Constable Davis' initial observation was that the motorcycles appeared to be exceeding the 80 kilometre per hour speed limit. He said that he targeted the rear motorcycle using the laser device and obtained a reading of 98 kilometres per hour. He said that he was approximately 180 metres from the motorcycle when he used the laser device to obtain the reading. He said that the three motorcycles were travelling in a line and there was a small gap of a few metres between each of them. He said that the last motorcyclist was wearing distinctive apparel. He said that the weather conditions were dry and clear.
He was using the laser device from inside the police vehicle through an open window. After obtaining the reading, Constable Davis followed the motorcycles for approximately two kilometres before he intercepted them. Constable Davis identified the appellant as the rider of the motorcycle that had been detected using the speed detection device. The appellant was issued with an infringement notice.
The appellant gave evidence in his own defence. The Magistrate preferred the evidence of the police officer. One of the appellant's complaints is that he was prevented from pursuing certain lines of cross-examination. The reason for that was that section 124(4) and (5) Transport Operations (Road Use Management) Act 1995 provides that a defendant who intends to challenge the accuracy of a speed detection device or the time at, or way in which the relevant device was utilised, must give a notice in the approved form. It is common ground that the appellant had not done that and so the cross-examination that was directed at those issues was correctly held by the Magistrate to be inadmissible in the circumstances.
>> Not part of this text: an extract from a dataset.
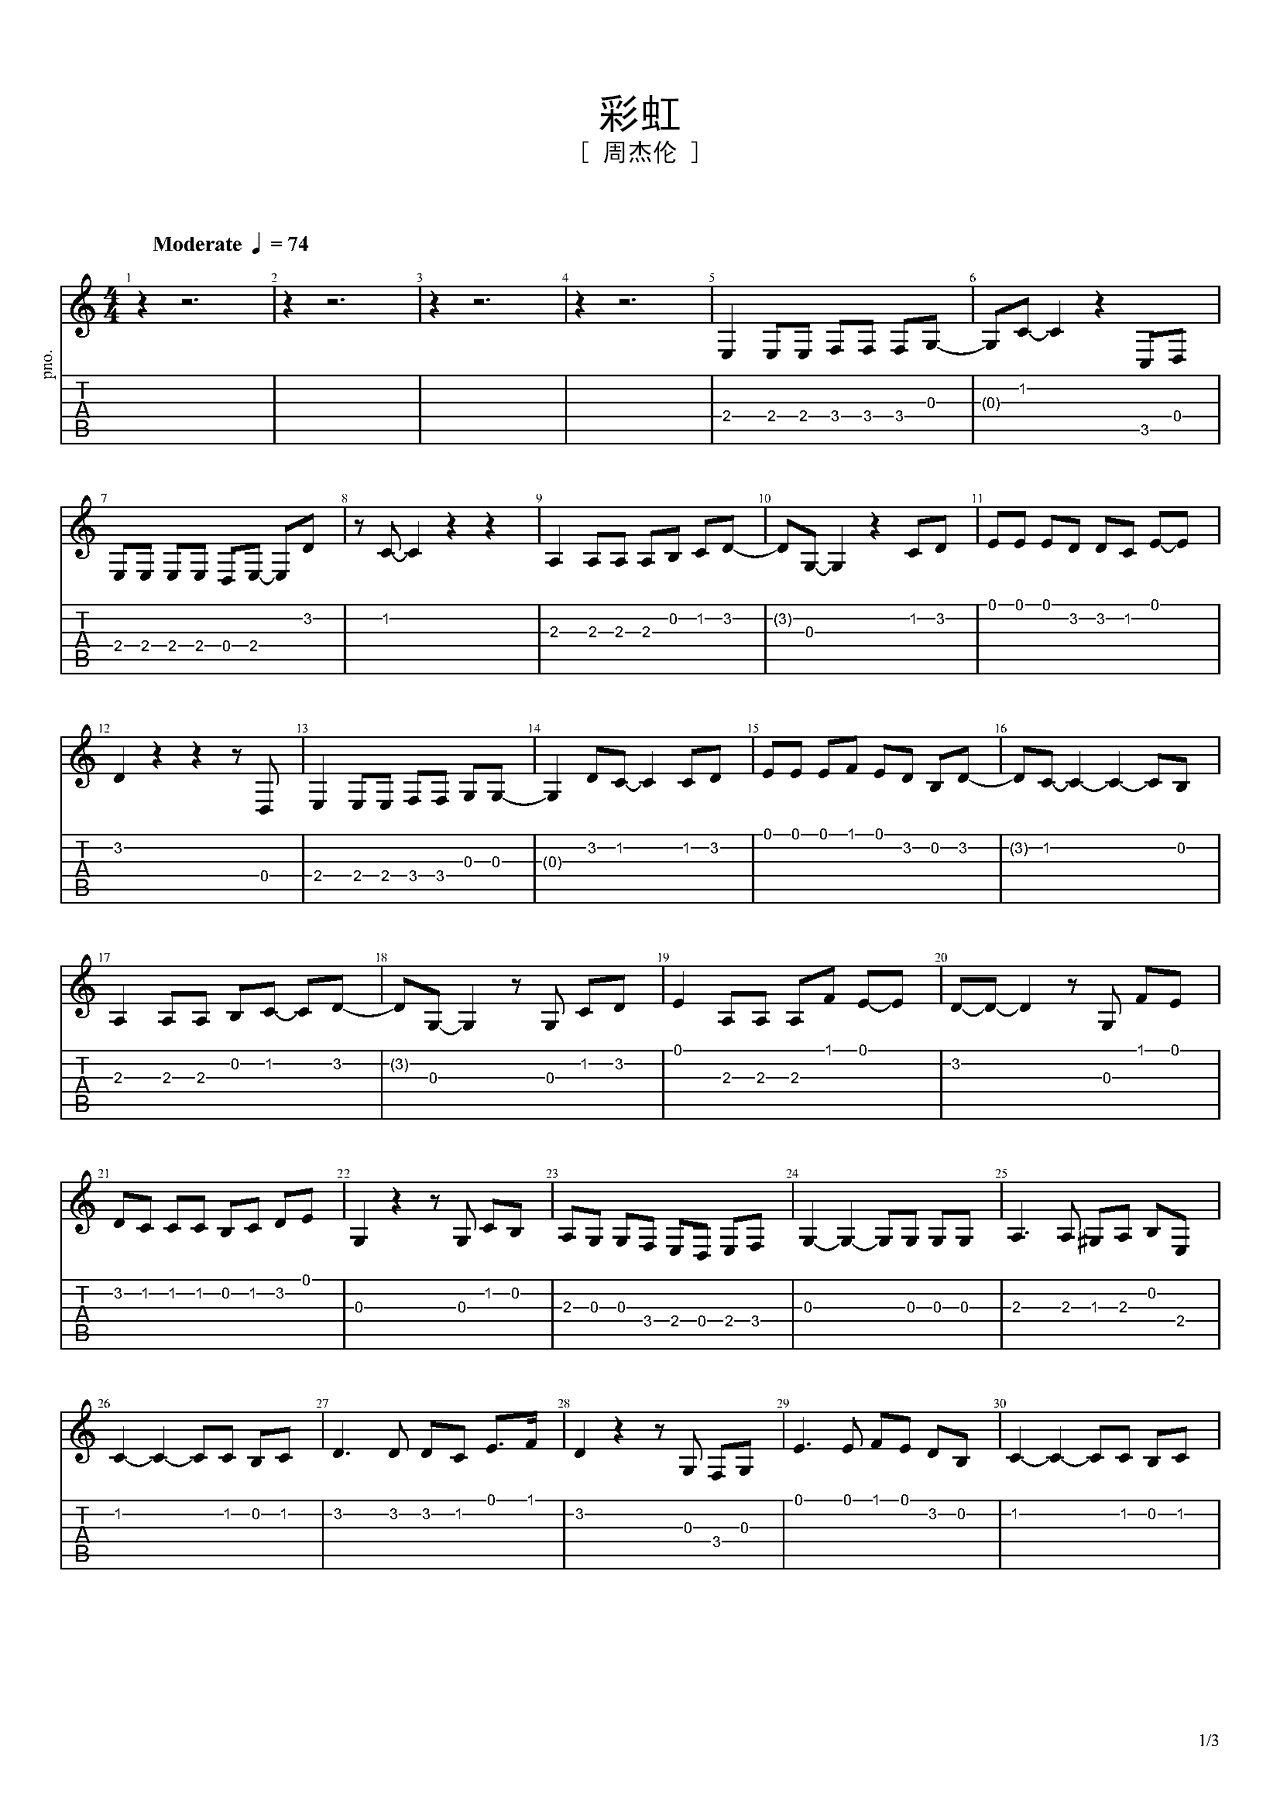 简单版《彩虹》钢琴谱 - 周杰伦0基础钢琴简谱 - 高清谱子图片 - 钢琴简谱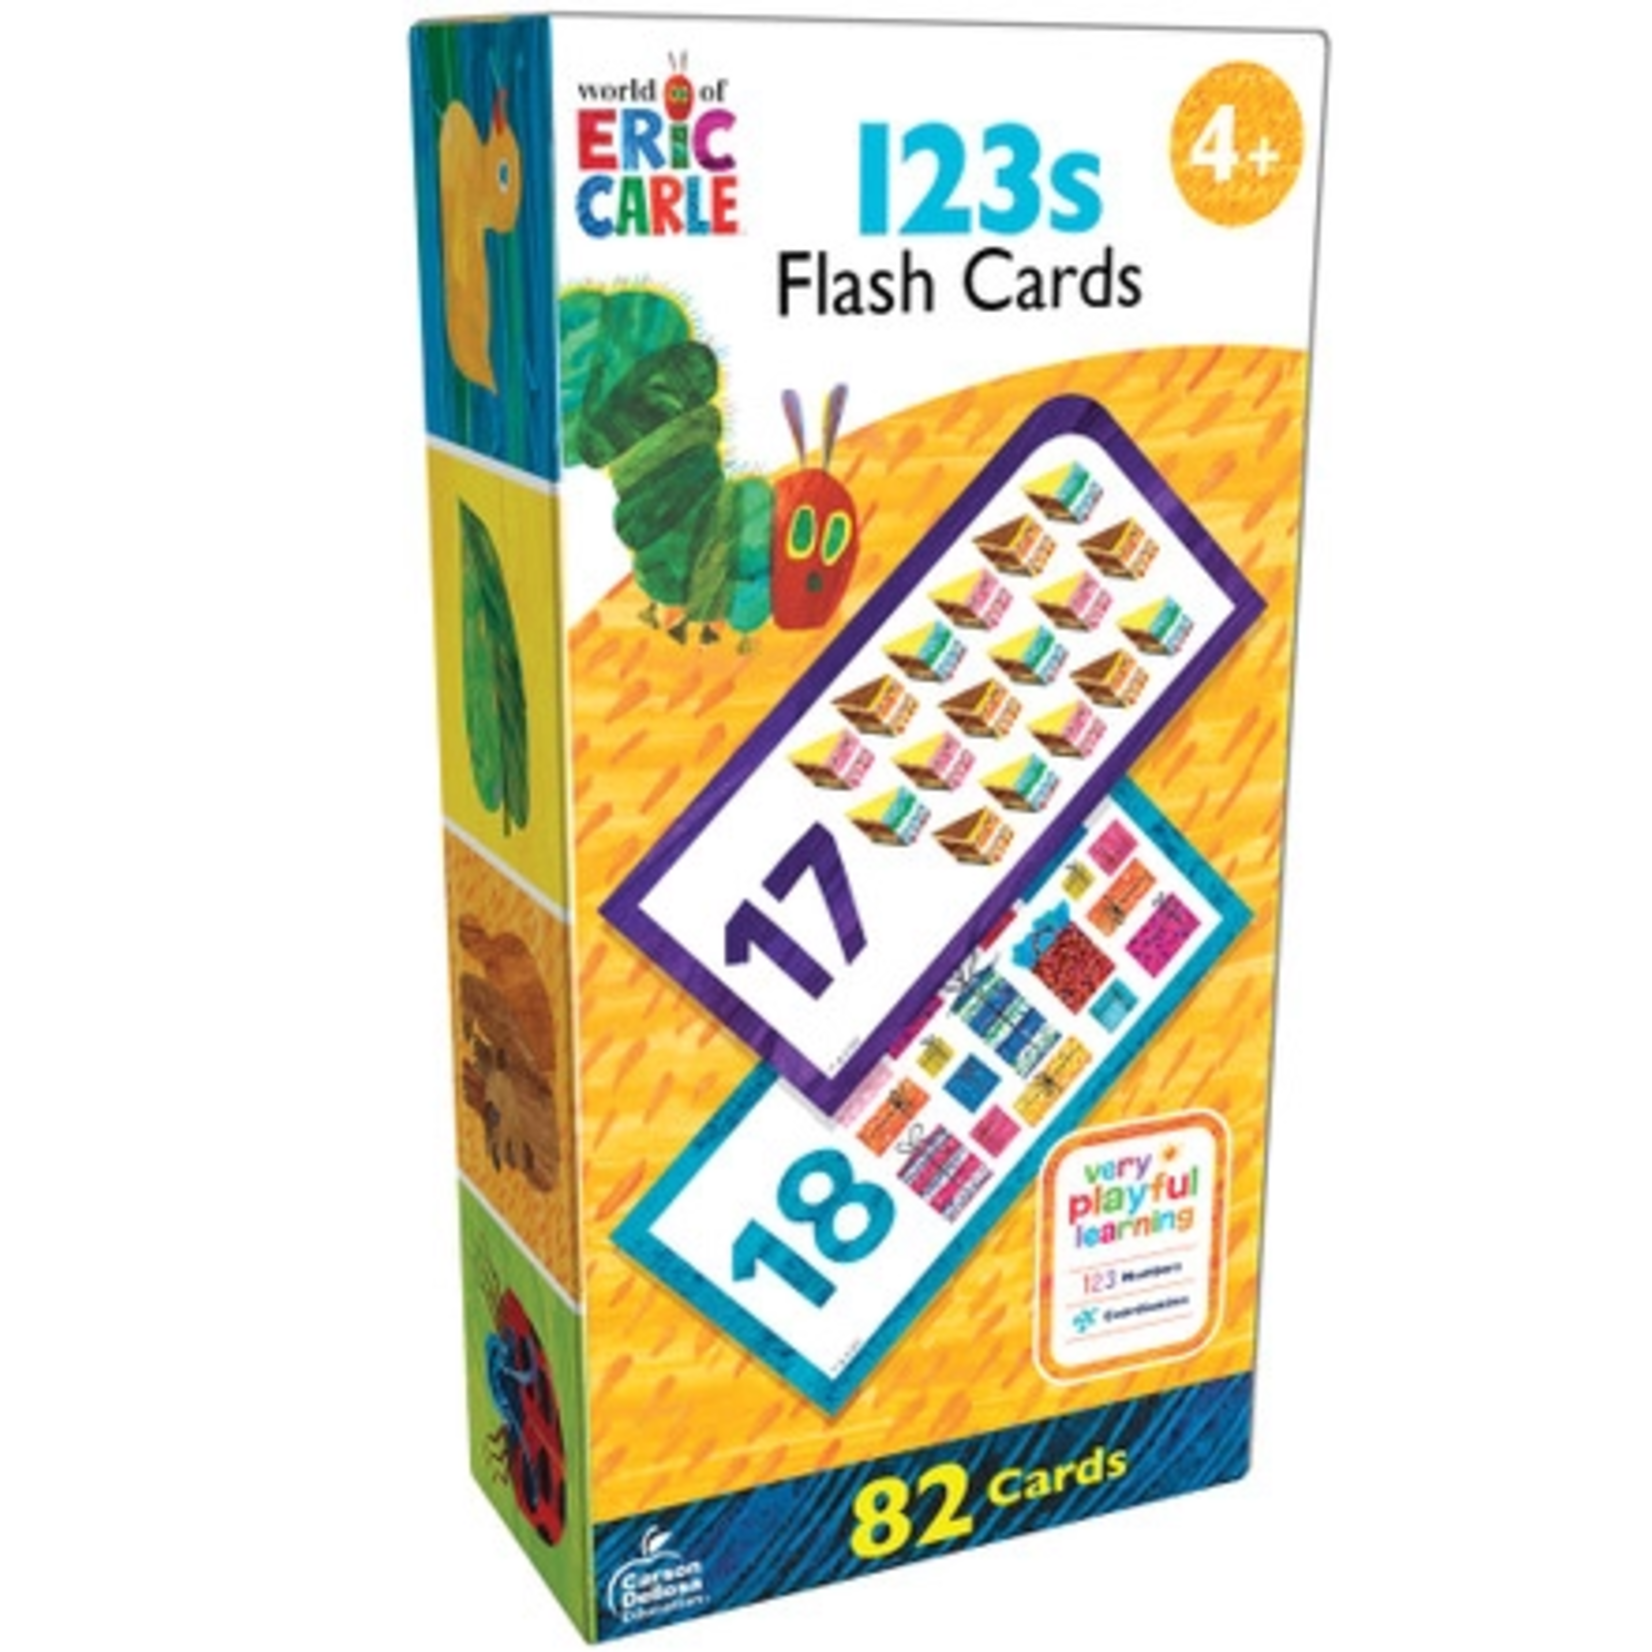 CARSON DELLOSA PUBLISHING CO World of Eric Carle™ 123s Flash Cards Grade PK-1

However, the appellant who presented his argument in this Court this afternoon extremely well, maintains that it was not open to the Magistrate to accept the evidence of the police officer. The appellant pointed to a number of factual issues that he said meant that the police officer's evidence ought not to have been accepted.
An appeal pursuant to section 222 Justices Act 1886 is by way of rehearing on the evidence given before the Magistrates Court: see section 223(1). However, a Judge hearing an appeal must afford respect to the decision of the Magistrate and bear in mind any advantage the Magistrate had in seeing and hearing the witnesses give their evidence: see Fox v. Percy (2003) 214 CLR at paragraph 25, Rowe v. Kemper [2008] QCA 175 at paragraph 5, and Mbuzi v. Torcetti [2008] QCA 231 at paragraph 17. Nevertheless, I am required to review the evidence and to weigh the conflicting evidence and to draw my own conclusions.
Having carefully considered the evidence given before the Magistrate and the arguments presented by Mr Humphrey on the hearing of his appeal, I have concluded that the Magistrate was entitled to reach the decision that he did. In my view, no error is exposed in the Magistrate's reasoning. Moreover, on a review of the evidence, it is my view that the charge was correctly found to have been proven. Accordingly, I have concluded that the appeal should be dismissed.
The order, therefore, is appeal dismissed.